SLURM Partitions

Dispatching

It is really no longer necessary to discuss queues in the traditional sense. In the past, we would create queues based on pools of hardware resources. If a user wanted to utilize a particular hardware resource, he or she would request the appropriate queue. Most times, however, what the user wants and what is best for the user or what is best for all users are not necessarily the same. Allowing individuals to dictate where their jobs will run will inevitably lead to throughput problems since it would be unreasonable to expect the users to understand the complete state and behavior of the scheduler.

Below is a general description of how jobs make their way through the queue. Please see Scheduling and Dispatch Policy for more information.

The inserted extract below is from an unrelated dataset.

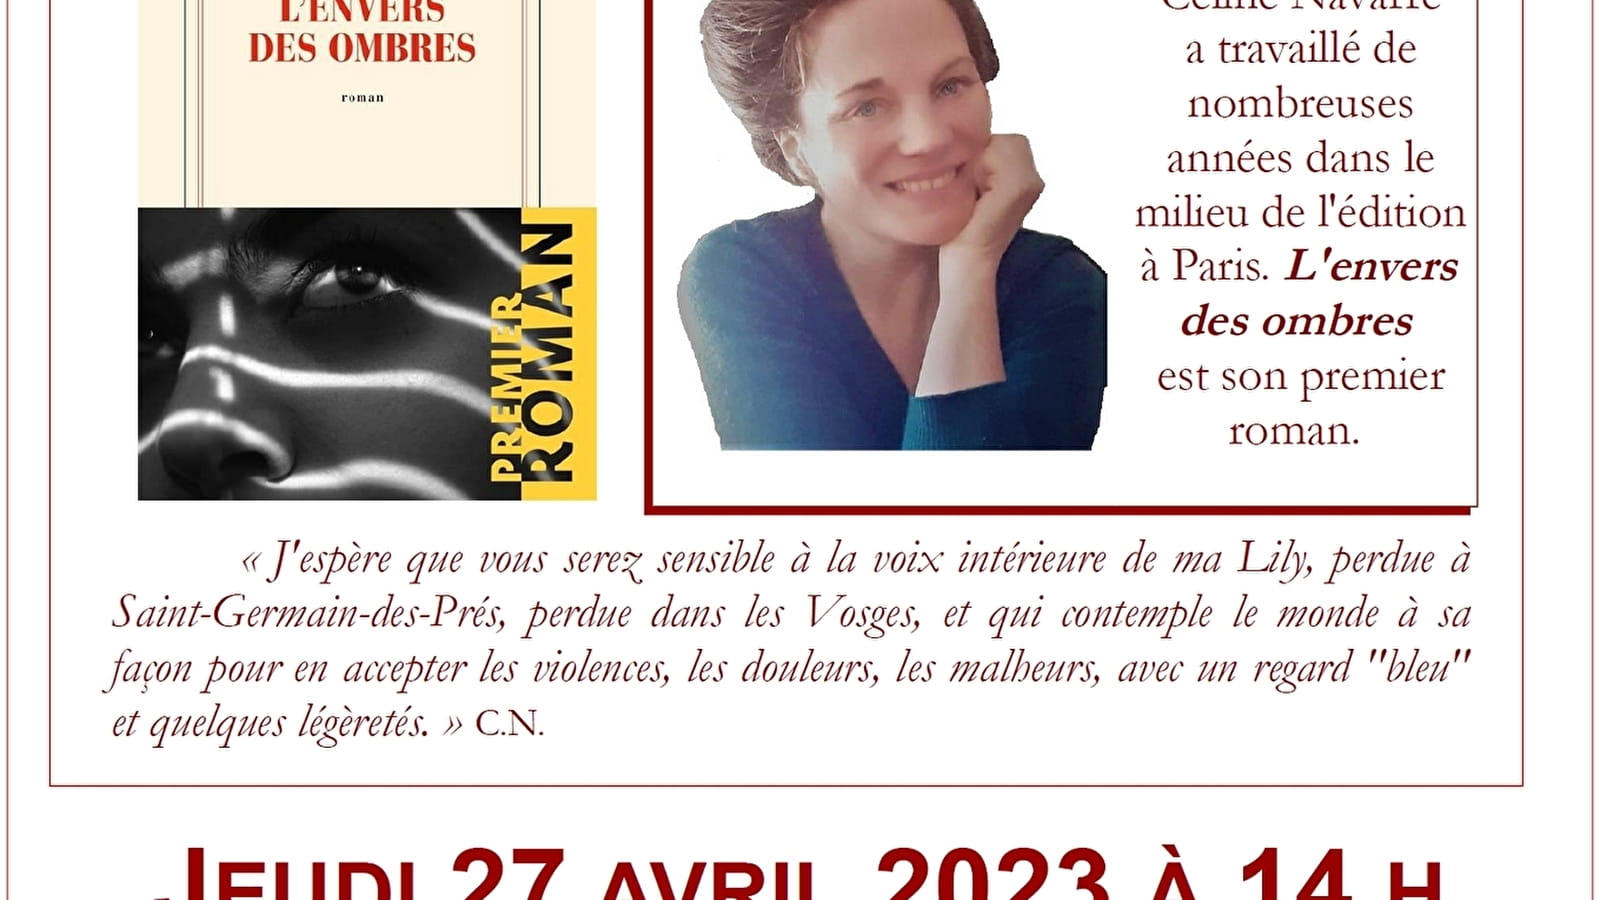 Café littéraire - Lecture-rencontre avec Céline NAVARRE

When a user submits a job to a specific partiton, the scheduler determines if the requested hardware/time requirements of the job (see Using Features) match up with the resources the partition provides. If it does, the job is executed if there are available resources. If there are no available resources, the job will be held until the next scheduler iteration, to see if resources have become available.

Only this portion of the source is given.